A phase 2 feasibility study of nab-paclitaxel and carboplatin in epithelial carcinoma of the uterus

• Published in: Gynecologic oncology Vol. 190; pp. 209 - 214
• Main Authors: Pothuri, B., Sawaged, Z., Karpel, H.C., Li, X., Lee, J., Musa, F., Lutz, K., Reese, E., Blank, S.V., Boyd, L.R., Curtin, J.P., Goldberg, J.D., Muggia, F.M.
• Format: Journal Article
• Language: English
• Published: United States Elsevier Inc 01.11.2024
• Subjects: Adult; Aged; Albumins - administration & dosage; Albumins - adverse effects; Albumins - therapeutic use; Antineoplastic Combined Chemotherapy Protocols - adverse effects; Antineoplastic Combined Chemotherapy Protocols - therapeutic use; Carboplatin - administration & dosage; Carboplatin - adverse effects; Feasibility Studies; Female; Hematology, Oncology, and Palliative Medicine; Humans; Middle Aged; Neoplasm Recurrence, Local - drug therapy; Obstetrics and Gynecology; Paclitaxel - administration & dosage; Paclitaxel - adverse effects; Progression-Free Survival; Prospective Studies; Uterine Neoplasms - drug therapy; Uterine Neoplasms - pathology
• ISSN: 0090-8258; 1095-6859; 1095-6859
• DOI: 10.1016/j.ygyno.2024.07.682

We evaluated the feasibility of completing 6 cycles of nab-paclitaxel (nab-P) and carboplatin (C) in a single arm prospective clinical trial for advanced/recurrent EC and safety and efficacy of day (D) 1, 8 nab-P in combination with D1 C q3weeks. Patients with early-stage, high-risk, advanced primary/recurrent EC without prior platinum/taxane exposure were enrolled in an open-label, single-institution trial (NCT02744898). Patients received 6 cycles of D1 nab-P 100 mg/m2 IV with C AUC 6 IV and D8 nab-P 100 mg/m2 IV q21D. The trial tested the null hypothesis that subjects completing 6 cycles was ≤0.50 versus the alternative that the proportion is ≥0.75 in a single stage design with alpha = 0.05 and power = 80% with 23 subjects.
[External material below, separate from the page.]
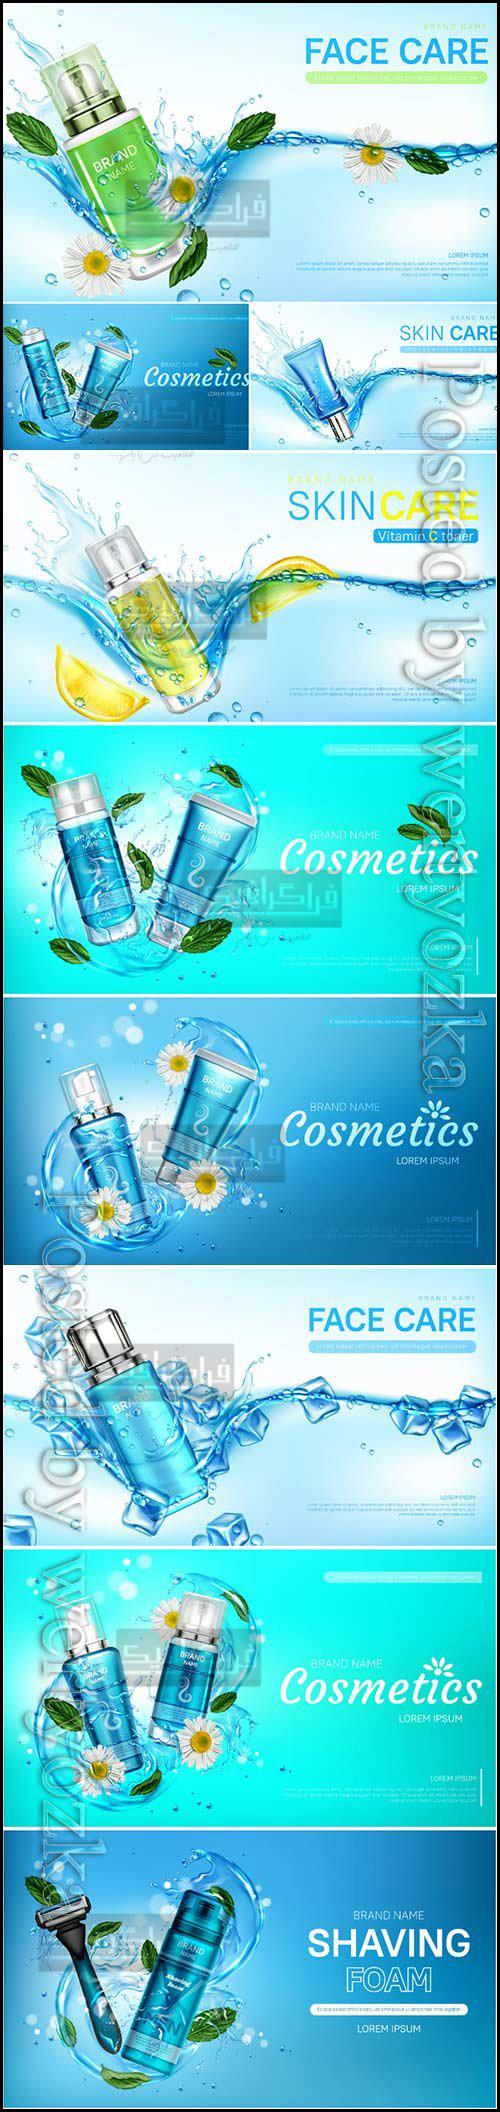 دانلود وکتور های تبلیغاتی محصولات آرایشی و بهداشتی - شماره 5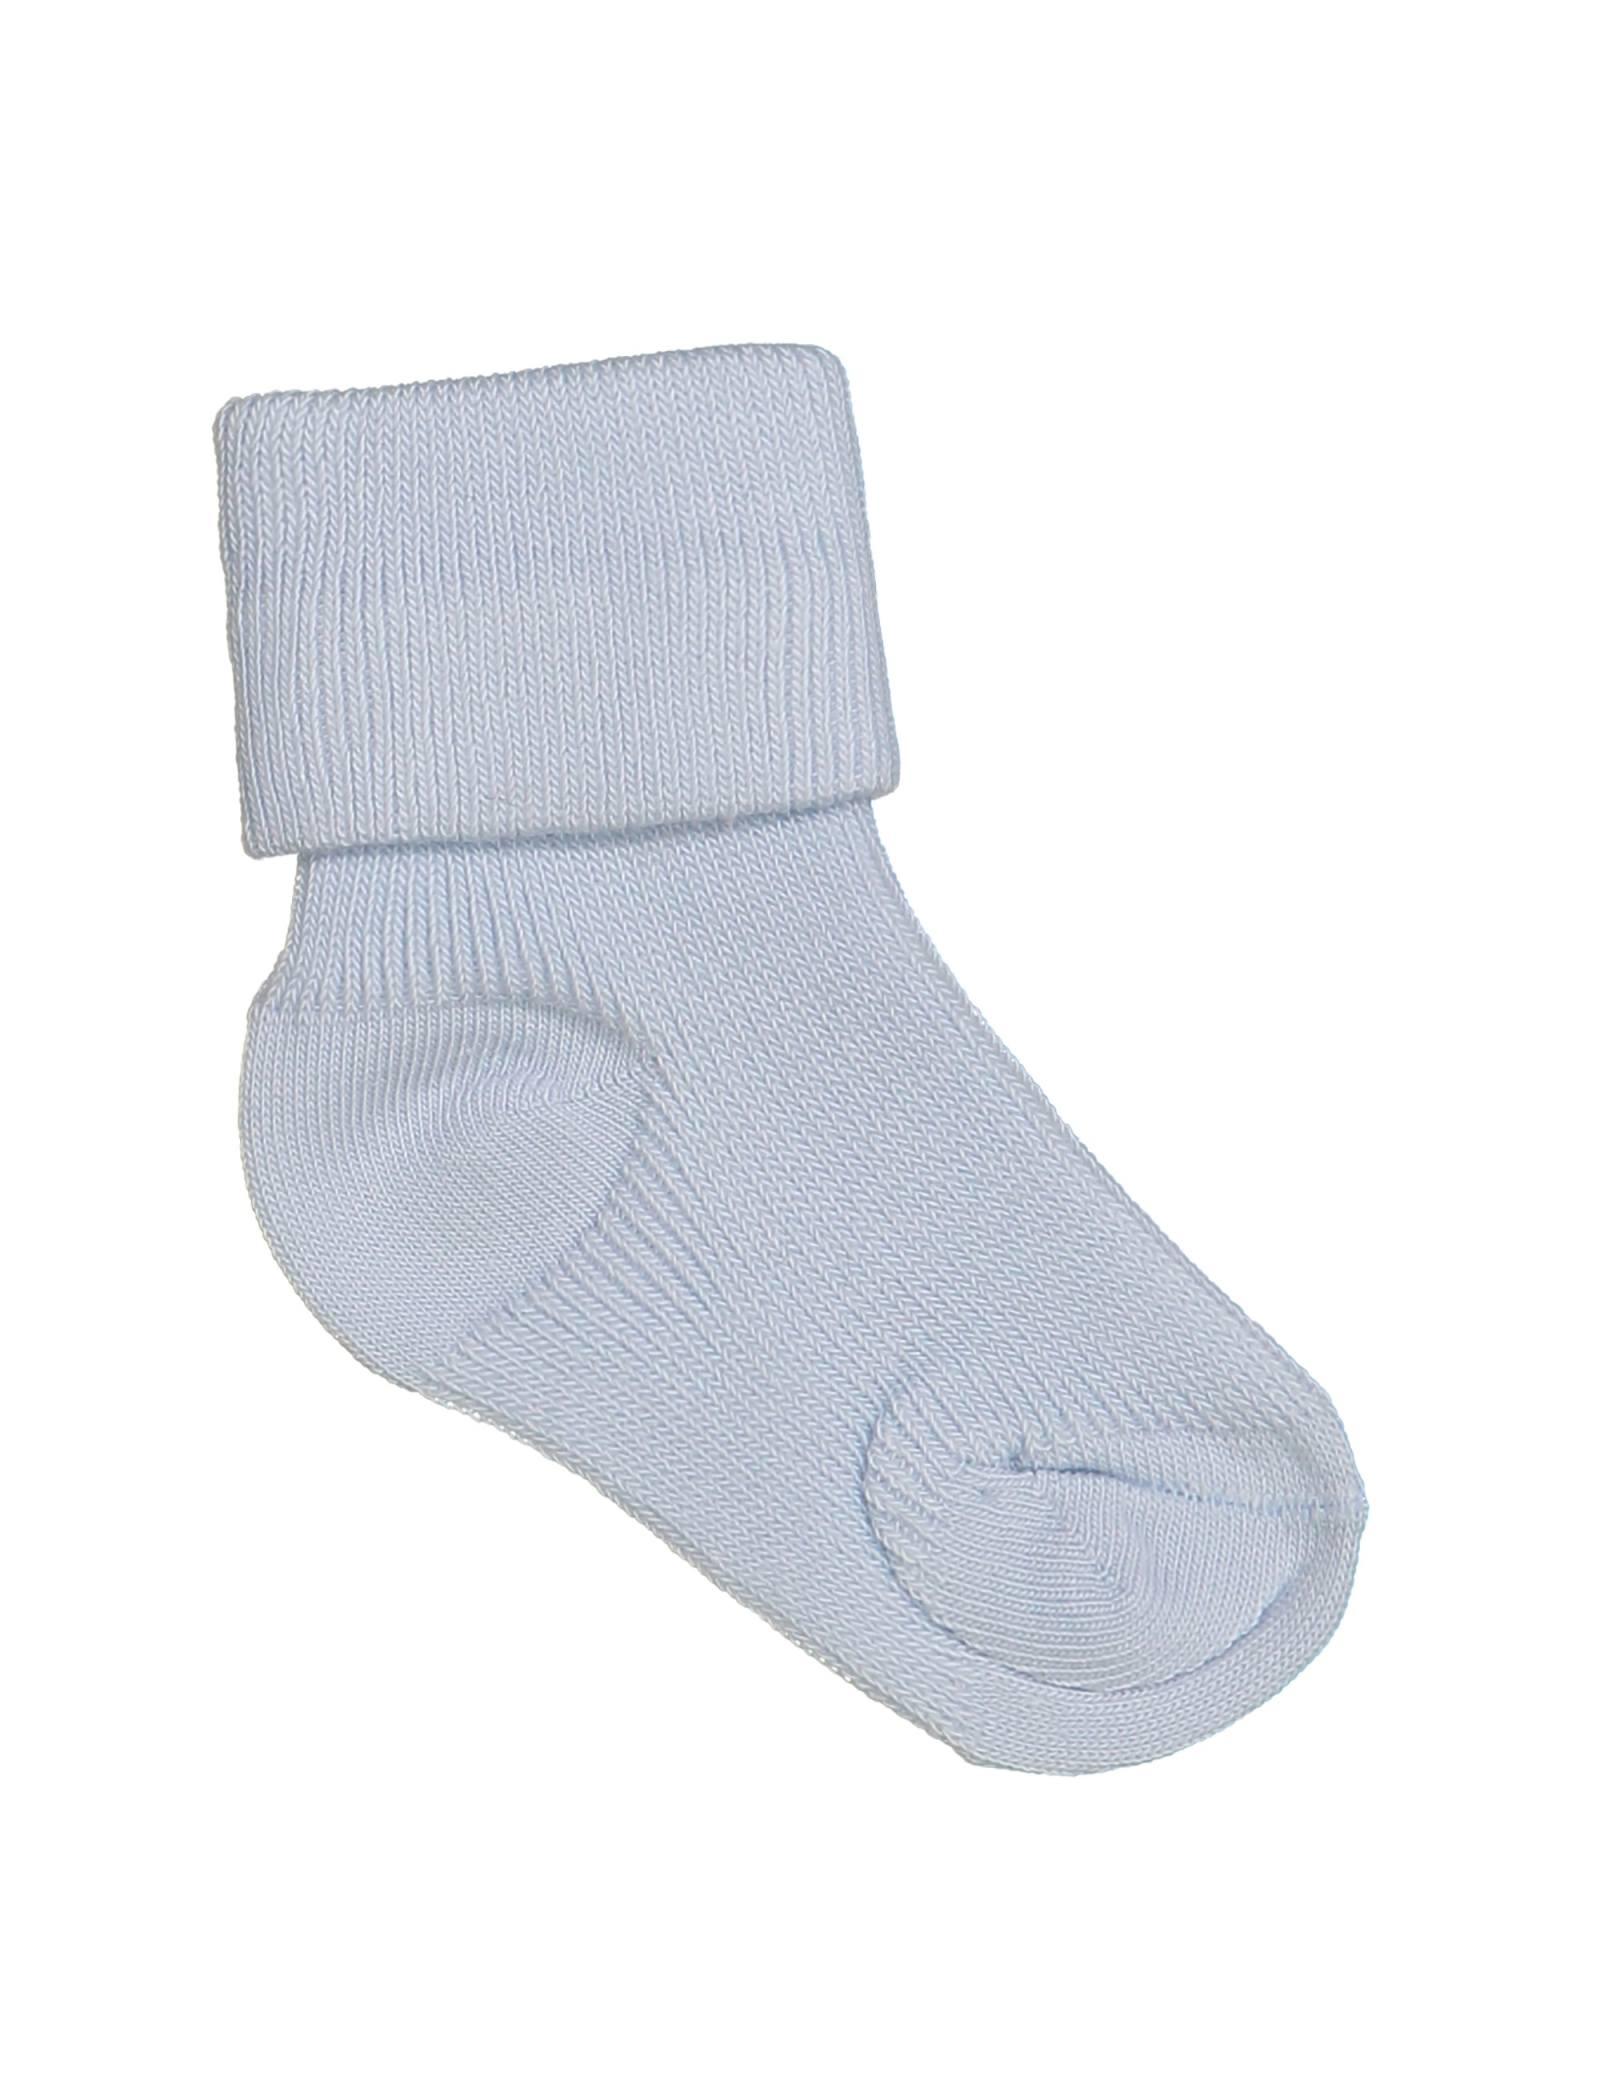 جوراب نخی نوزادی - ایدکس - آبي روشن - 1

Patients who completed 6 cycles (primary outcome), objective response rate (ORR) and clinical benefit rate (CBR) were estimated with exact 95% Clopper-Pearson confidence intervals. Progression free survival (PFS) and overall survival (OS) were estimated using Kaplan-Meier methods. From 08/2016–03/2018, 23 patients were enrolled. Nineteen patients (82.6%, 95% CI: 61.2%, 95.0%) completed 6 cycles, thus we could reject our null. Twelve patients (52.2%) experienced ≥1 grade 3/4 treatment-related adverse events including: anemia, 6 (26.1%); neutropenia, 5 (21.7%); diarrhea, 3 (13.0%). Fourteen patients (60.1%) reported grade 1 neuropathy. Of 9 patients with measurable target lesions, the ORR was 33.3% (95% CI: 7.5%, 70.1%) and CBR was 55.6% (95% CI: 21.2%, 86.3%). Median PFS in the advanced/recurrent patients was 23.2 (95% CI: 12.1, NR) months. The nab-P/C D1, 8 regimen met pre-specified feasibility criteria with acceptable toxicity and efficacy. Use of nab-P decreases need for steroid pre-medications, and this carboplatin doublet may prove advantageous for trials assessing combinations with immune checkpoint inhibitors in advanced EC. •Dose-dense nab-paclitaxel on day 1, 8 with day 1 carboplatin every 3 weeks is feasible (6-cycle completion rate of 82.6%).•In advanced/recurrent cases, median progression free survival was 23.2 months (95% CI: 12.1, not reached).•The regimen had tolerable toxicity, with 61% with grade 1 neuropathy and no patients with grade 3 or 4 neuropathy.•Nab-paclitaxel can be an acceptable taxol replacement for regimens with immunotherapy to avoid use of concomitant steroids.